Andhrabharati commented 2 months ago

@maltenth has to respond about the scans at CDSL!

And it is my lookout to reach to the best possible original sources (either scans or physical books) that enhances my collection, as a conitinuous process. [I find that many works cited in PWG could be traced at the Bavarian library (having excellent quality). Of course, there are quite many other sources as well.]

So far as I am concerned, the text in the pwgheader (of older date) is exactly what is in the print volumes; and I just had proofed the same (and at times split some matter into separate lines) and posted earlier.

Jim could probably start with converting the PWG-VN data in Thomas's original format to current CDSL format.

gasyoun commented 2 months ago

https://sanskrit-lexicon.uni-koeln.de/pwgindex.html alleges to be a scanned edition of PWG, created long ago from material from @maltenth.

This was 2002 or 2004, I received them on a CD from Germany in Moscow.

Andhrabharati commented 2 months ago

This post indicates some of my PWG "sources".

readme_cdsl_vn.txt is a sort of index to the VN portions from the various volumes. ... ... vol. 1 (no VN matter)

If the Vol.1 does not contain any VN matter, how would Jim (and/or Thomas) explain the presence of the typed matter from those pages in the pwgheader file (that was received from Thomas)?

funderburkjim commented 2 months ago

@maltenth has to respond about the scans at CDSL!

Unfortunately, communication by me with Thomas has become unpredictable this year.

funderburkjim commented 2 months ago

If the Vol.1 does not contain any VN matter ...

Just now, I compared a. the volume 2 material from pwgindex to b. pwgheader/PWG.V.2.VN.pages.pdf

They are identical. From this I infer that the material in pwgheader/PWG.V.1.VN.pages.pdf is simply absent from the pwgindex images. Why absent -- no way to know. This allays my concern regarding possible version difference.

I have revised pwgindex program to include

pages from pwgheader/PWG.V.1.VN.pages.pdf.
page from pwgheader/PWG.V.6.VN.pages.pdf.

funderburkjim commented 1 month ago

Based on recent review (see revised readme_cdsl_vn.txt), the first task is to provide 'entries' for the 'missing' VN material. The sources for this missing material has two parts:

PWG.VN.text.Vol.s.1-6.txt typed by AB . Jim's task is to convert [v.pppp] lines to the metaline-body-lend format of pwg.txt entries. Let's refer to this file by the shorter name VNTXT.
The AV reference improvements on page 3 of PWG.V.1.VN.pages.pdf. AB's task is to type this in some straightforward way. Then Jim's task will be to convert AB's file to the m-b-l format of pwg.txt entries.

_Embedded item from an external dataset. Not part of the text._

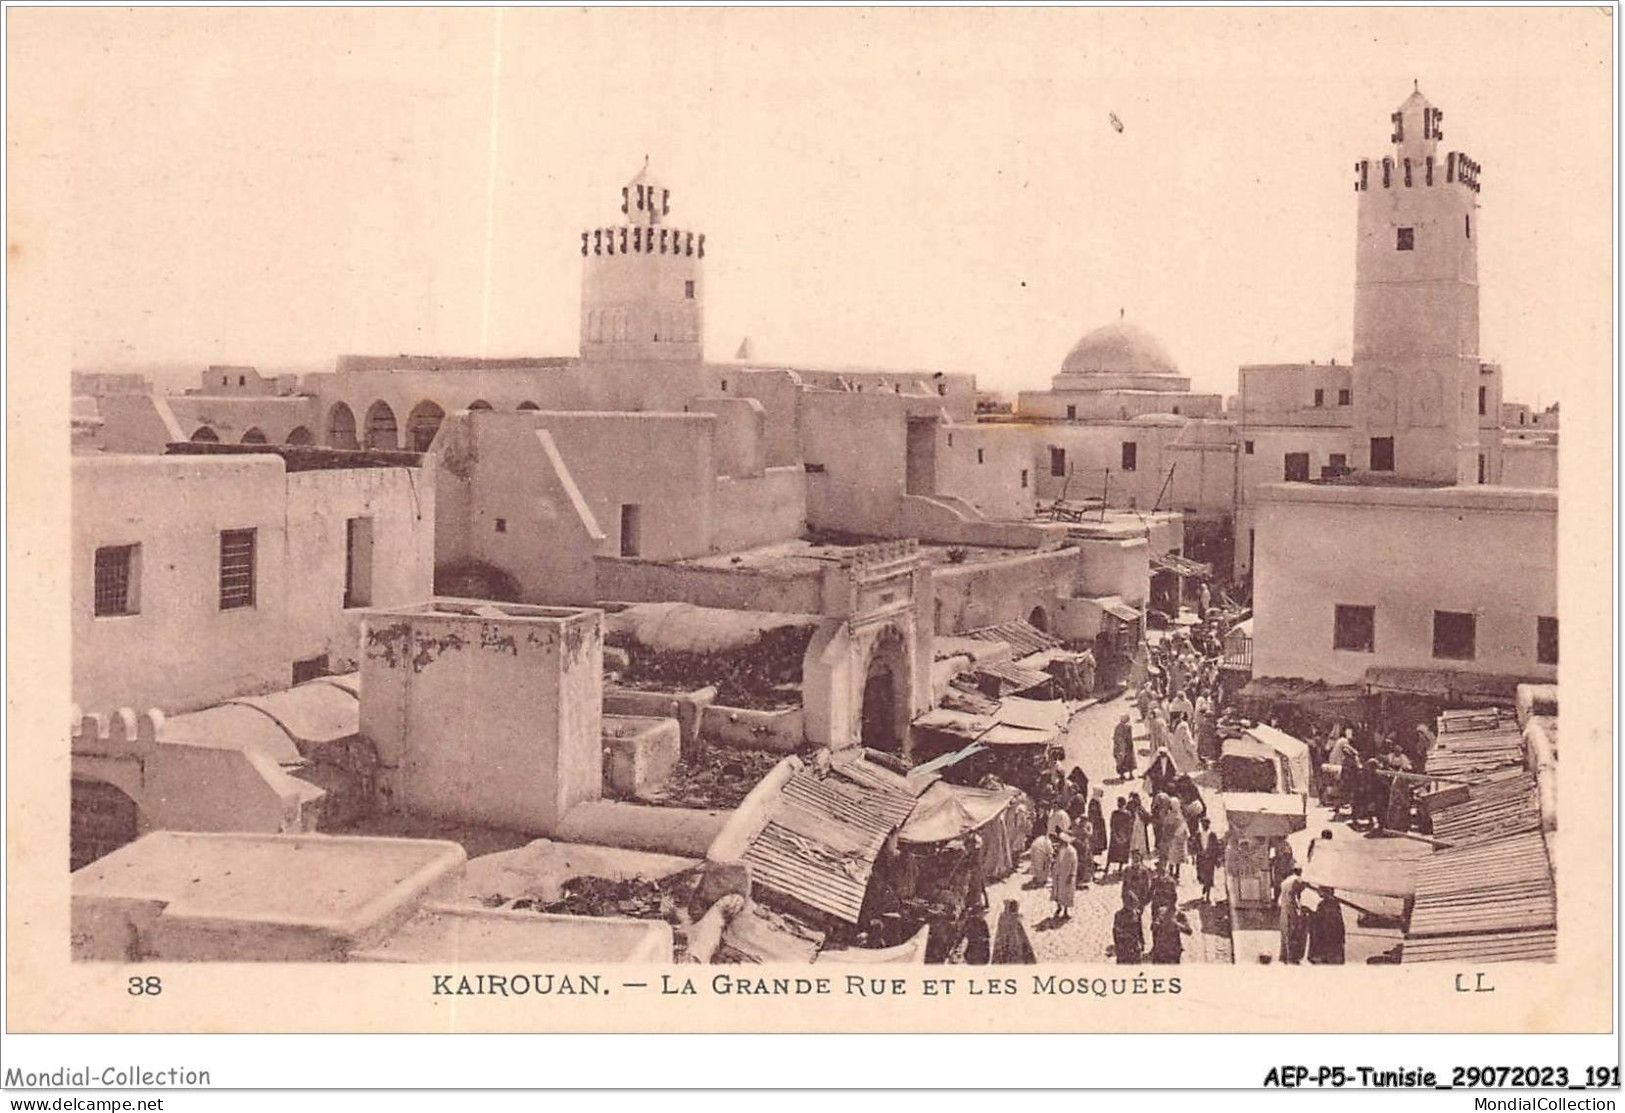 AEPP5-TUNISIE-0463 - KAIROUAN - LA GRANDE RUE ET LES MOSQUEES - Tunisie

The VNTXT file has 599 lines 'to convert'. 131 of these are, following the printed text, without headwords. The first examples:

[1.0012]     ¦ streiche das Beispiel u. अक्न ...`    <<< headword is 'akna'
[1.0014]     ¦ Z. 31 streiche <ls>ṚV.</ls> <8,46,26>.   <<< headword is 'akza'

AB: Have you already determined these missing headwords?

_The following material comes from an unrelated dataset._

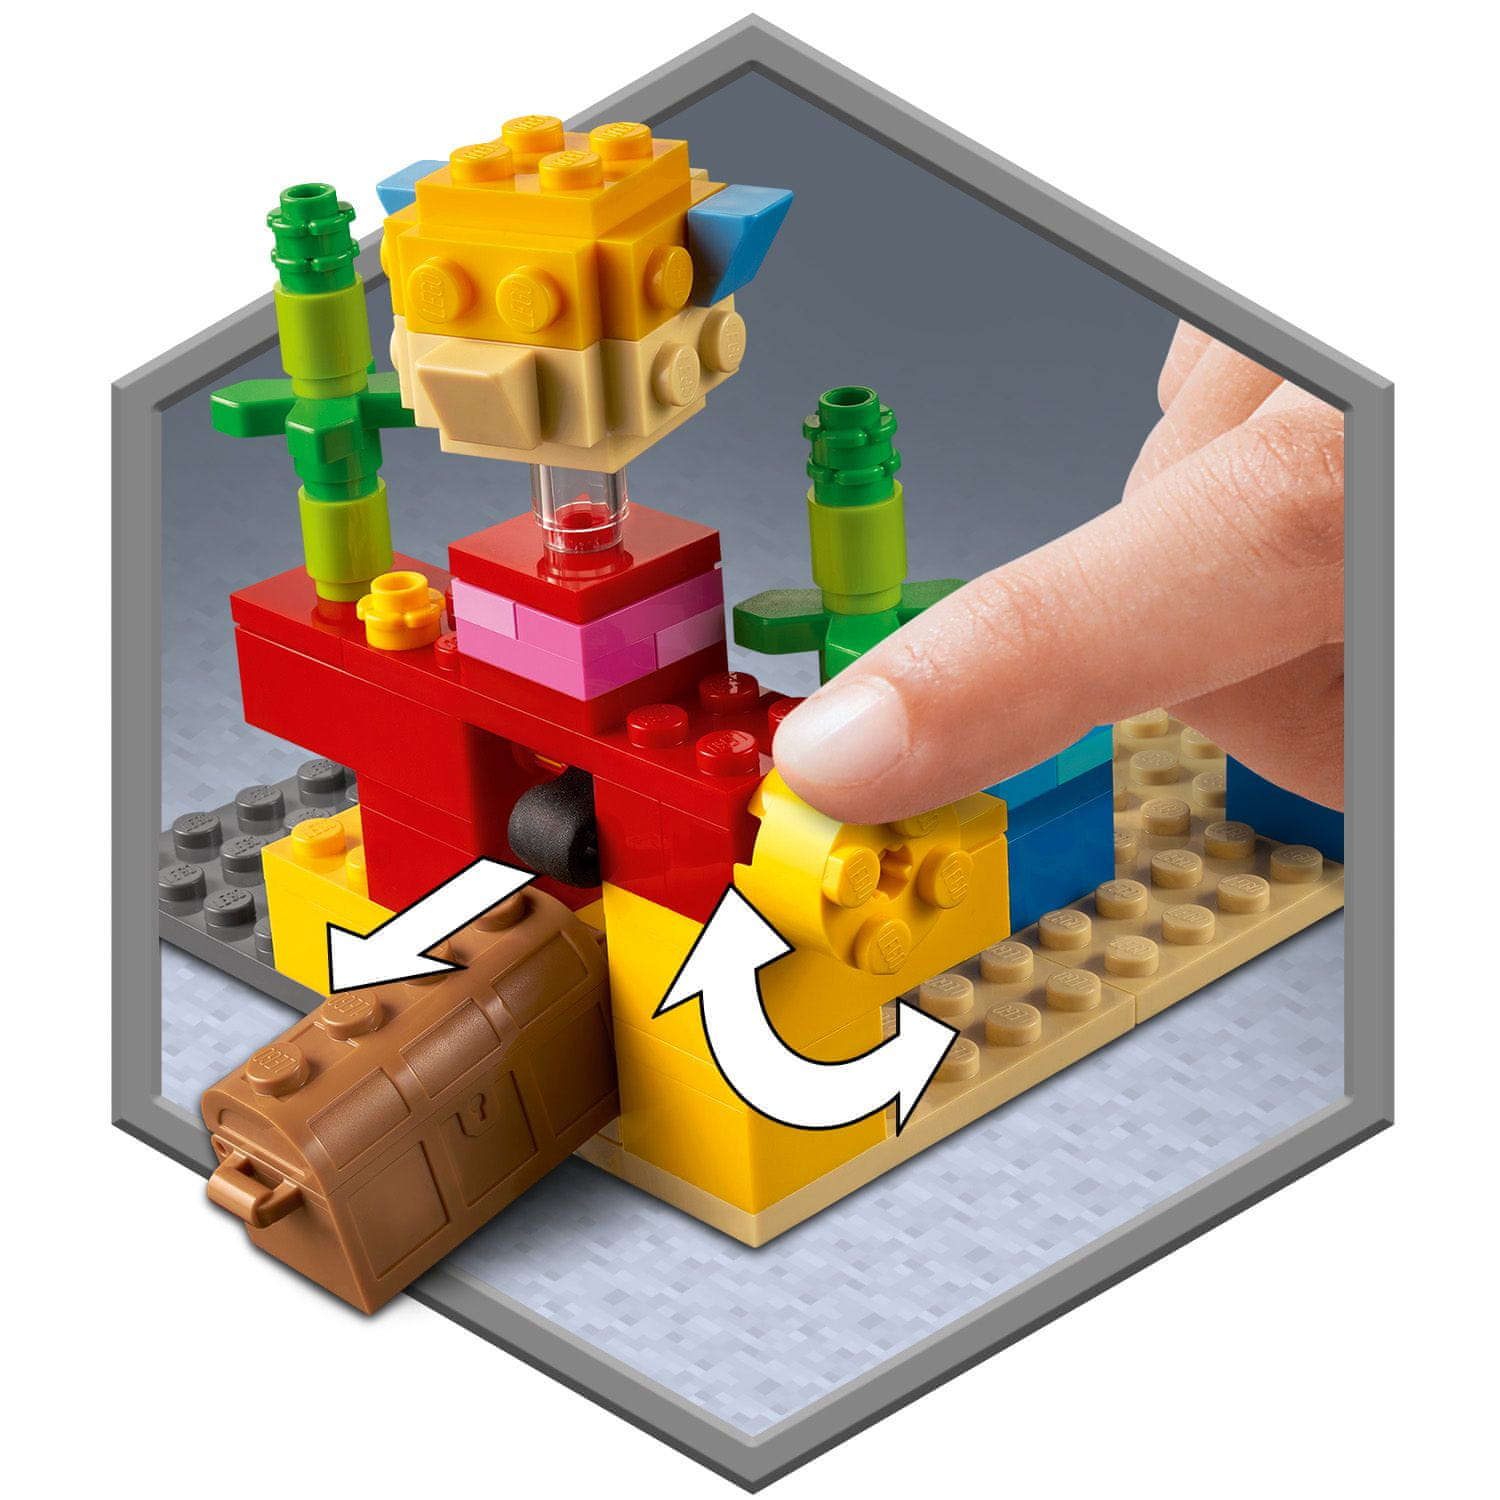 LEGO Minecraft 21164 Korálový útes

Andhrabharati commented 1 month ago

AB: Have you already determined these missing headwords?

No, Jim; you may refer to my related post. But, it is a fairly simple task if decided to be done!

Andhrabharati commented 1 month ago

If I am to do it, I might wish to re-look at the whole content for a possible 'revision'!!

Andhrabharati commented 1 month ago

The AV reference improvements on page 3 of PWG.V.1.VN.pages.pdf. AB's task is to type this in some straightforward way.

It may be noted that the form <X> = <Y> is to be considered something like lies <X> st. <Y> at these AV citation changes. As such, I don't suggest changing this format.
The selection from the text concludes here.